Hello, Dear NVIDIA teams,
My hardware/software info is :
• Hardware Platform (Jetson Nano or NX)
**• DeepStream Version 5.0
• JetPack Version (4.3)
• TensorRT Version (7.1.3)
• NVIDIA GPU Driver Version (valid for GPU only)
I’m trying to implement the network video-caffe (https://github.com/chuckcho/video-caffe), which is basing on Facebook’s C3D and used for action video classification.
The network definition/structure is simple, please see https://github.com/chuckcho/video-caffe/blob/master/examples/c3d_ucf101/c3d_ucf101_deploy.prototxt
The input data is 16 colorful images (CHW is 3x112x112), I coded the network with(because of business proprietary, some details are omitted, but key statements are listed out):
loadWeights(mParams.weightsFileName.c_str(),mWeightsMap);
nvinfer1::ITensor* data = network->addInput(mParams.inputTensorNames[0].c_str(), nvinfer1::DataType::kFLOAT, nvinfer1::Dims{4,{3, 16, 112, 112},{}});
…
data = createLayerBlock(network,data,“conv1a”,“relu1a”,“pool1”,64,dims_kernel,dims_sp,dims_pooling,mWeightsMap[“conv1a”][0],mWeightsMap[“conv1a”][1]);
…
data = createLayerBlock(network,data,“conv5a”,“relu5a”,“pool5”,256,dims_kernel,dims_sp,dims_pooling,mWeightsMap[“conv5a”][0],mWeightsMap[“conv5a”][1]);
nvinfer1::IFullyConnectedLayer* fcLayer1 = network->addFullyConnected(*data,2048,mWeightsMap[“fc6”][0],mWeightsMap[“fc6”][1]);
fcLayer1->setName(“fc6”);
…
So, as defined in c3d_ucf101_deploy.prototxt , the “conv5a” convolution-relu-pooling block has 256 output channels, and the “fc6” FullyConnected layer’s num_output is 2048, considering the data is 16 images, the parameters count should be 256x16x2048 = 8388608, but TensorRT requires the parameter count is 18432 = 2048 x 9, if trying to copy all the 8388608 parameters in mWeightsMap[“fc6”][0] for “fc6” layer, then error happened:
fc6: kernel weights has count 8388608 but 18432 was expected
Could not compute dimensions for (Unnamed Layer* 15) [Fully Connected]_output, because the network is invalid.

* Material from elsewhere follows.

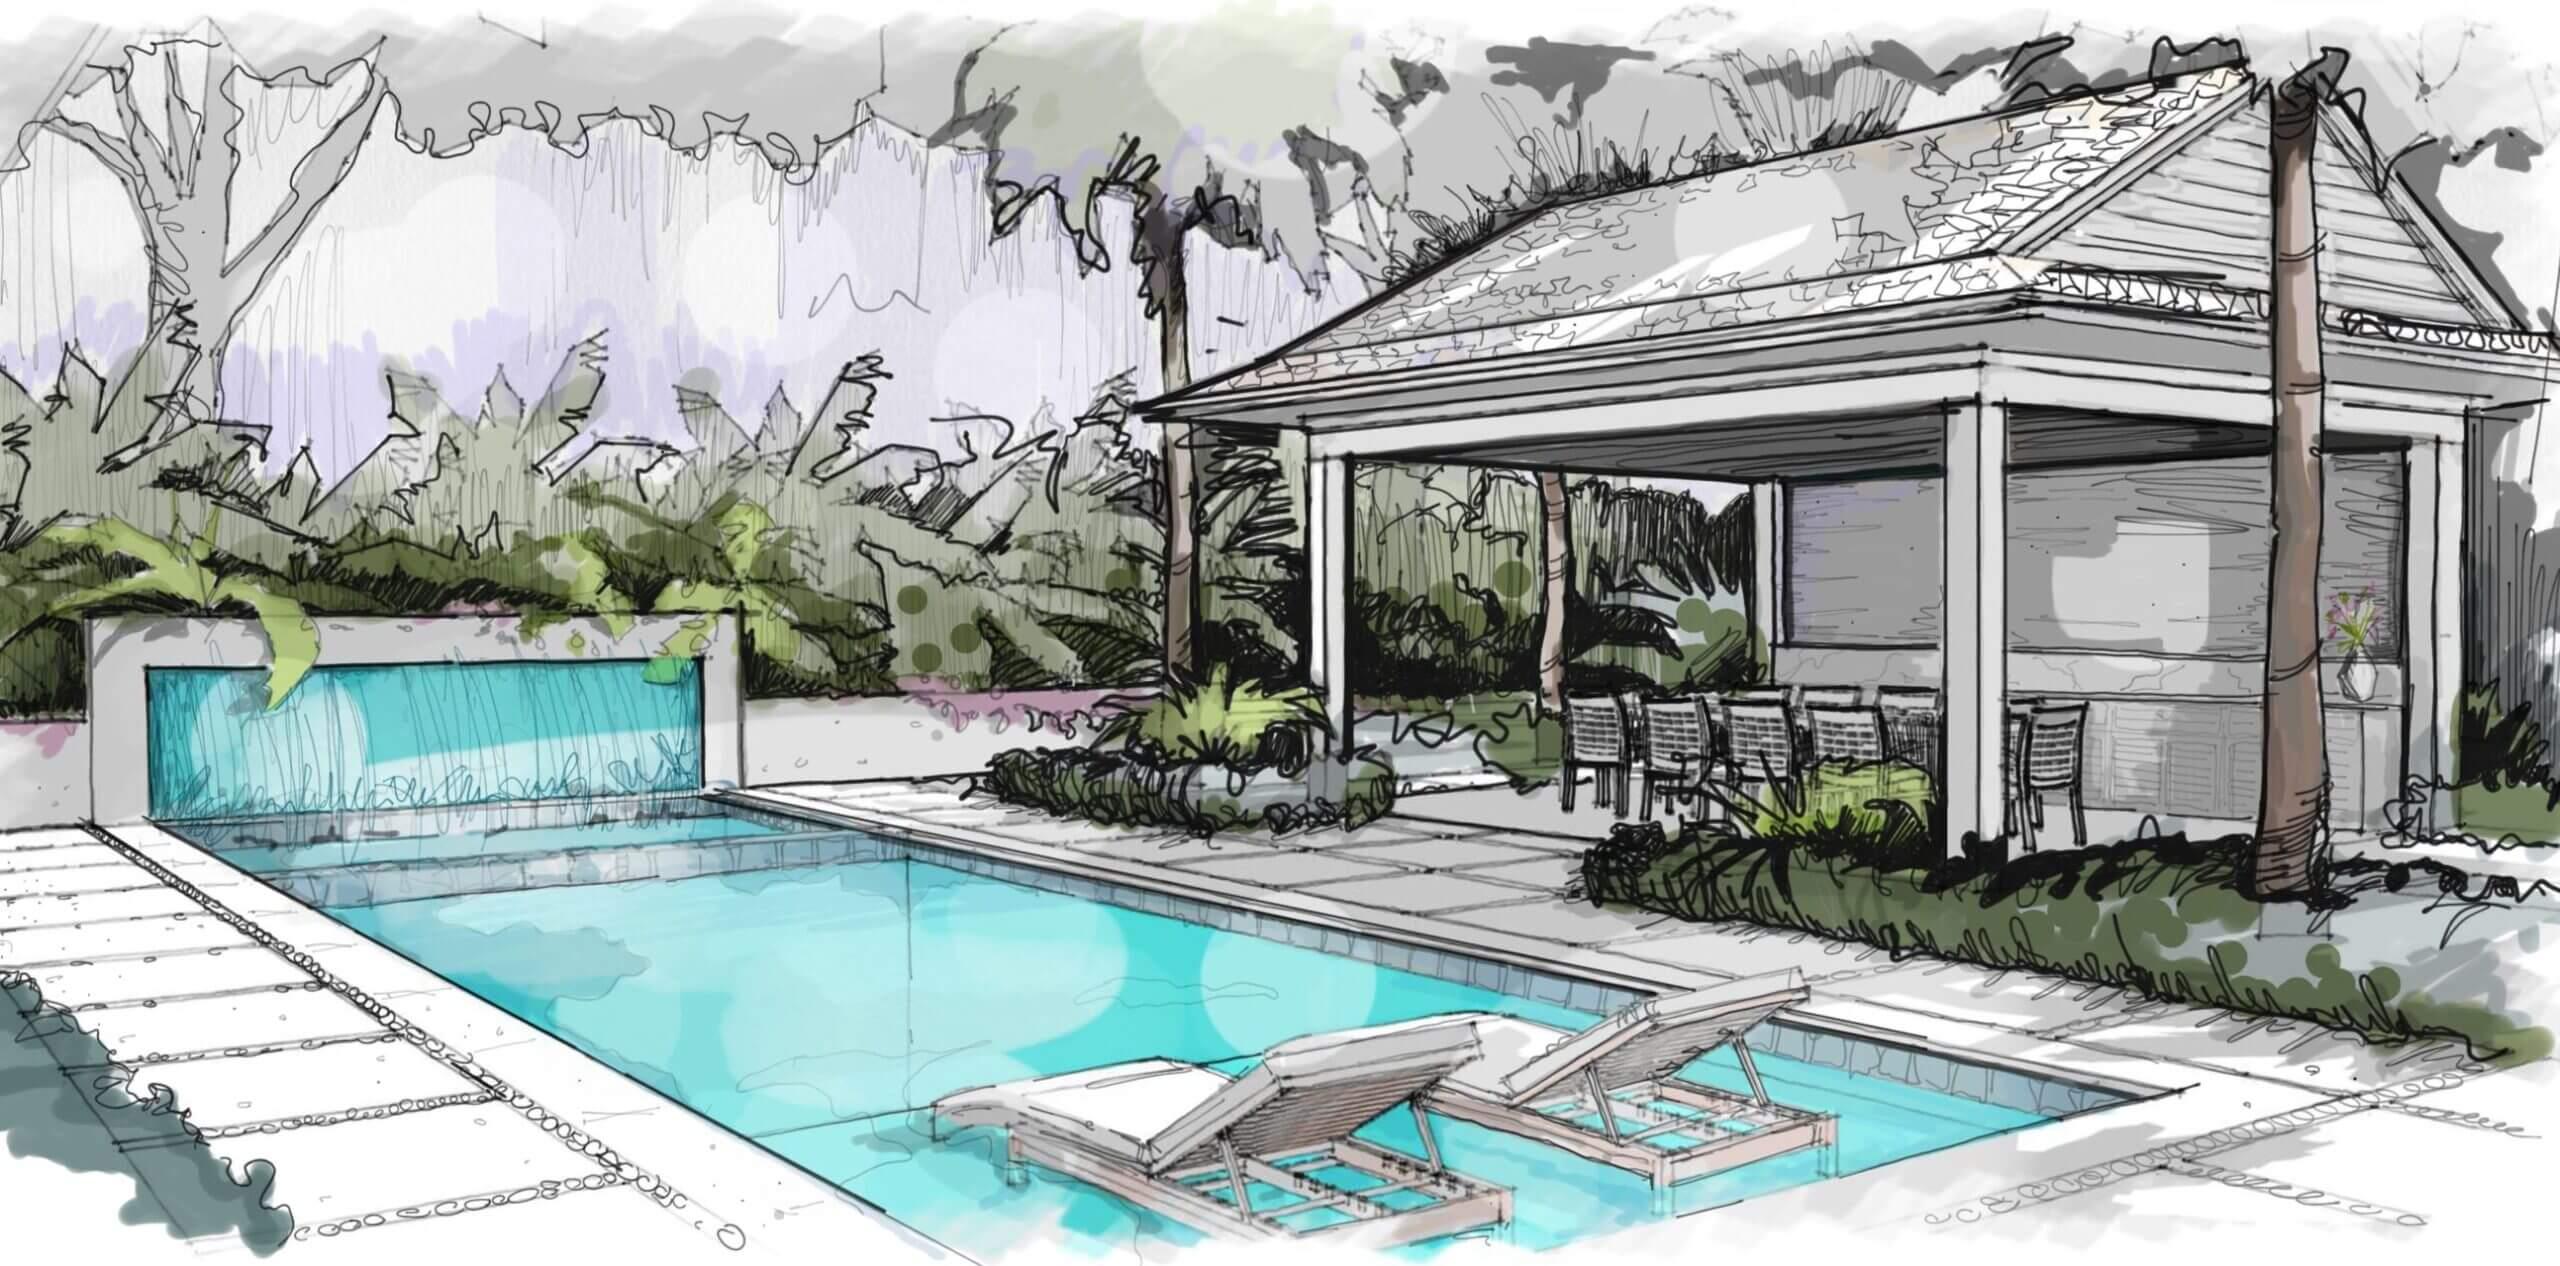 Pool & Landscape Process Sketch Vero Beach

Network validation failed.
mWeightsMap[“fc6”][0] has 8388608 parameters which is parsed from the weights file c3d_ucf101_iter_20000.caffemodel which is saved out by video-caffe model training with ucf101 dataset.
Please note other layer has no such issue, the parameter count required by TensorRT for each layer except “fc6” is exactly the same as that parsed out from .caffemodel, don’t know why TensorRT calculated wrongly for “fc6” layer.
If I forcibly only copy 18432 parameters for “fc6” layer, then the network can be created successfully, the final log messages output is :
Detected 1 input and 1 output network tensors.
I also printed out the shape of the output tensor of network, it is (256,101,1,1) , it looks like the FullyConnected Layer does not merge the 256 channels’ data while doing inner product operation.
So, although the network could be created successfully by only copying 18432 kernel weight parameters for “fc6” layer, the precision of classification is very bad. I made the network inference with data, each time the classification probability data and the corresponding element index/class label index in the network’s output tensor are almost the same, although I tested with the network inference with different data belonging to different class, e.g, testing the network inference by filling input data with 16 walking images and 16 swimming images, the classification result the network output is always walking. I guess this low inference precision is related to the wrong number of the kernel-weights parameters of the “fc6” layer and TensorRT’s FullyConnected layer doesn’t merge all the 256 channels while doing inner product.
We do want to use TRT API to implement C3D network on Nano and make product deliveries for large-scale deployment, as very much memory is saved if a network is implemented by TRT API, this is a big benefit. But now we are blocked here.
Dear NVIDIA guys, could you please check why TensorRT’s FC layer cannot support 3D network correctly? thanks in advance.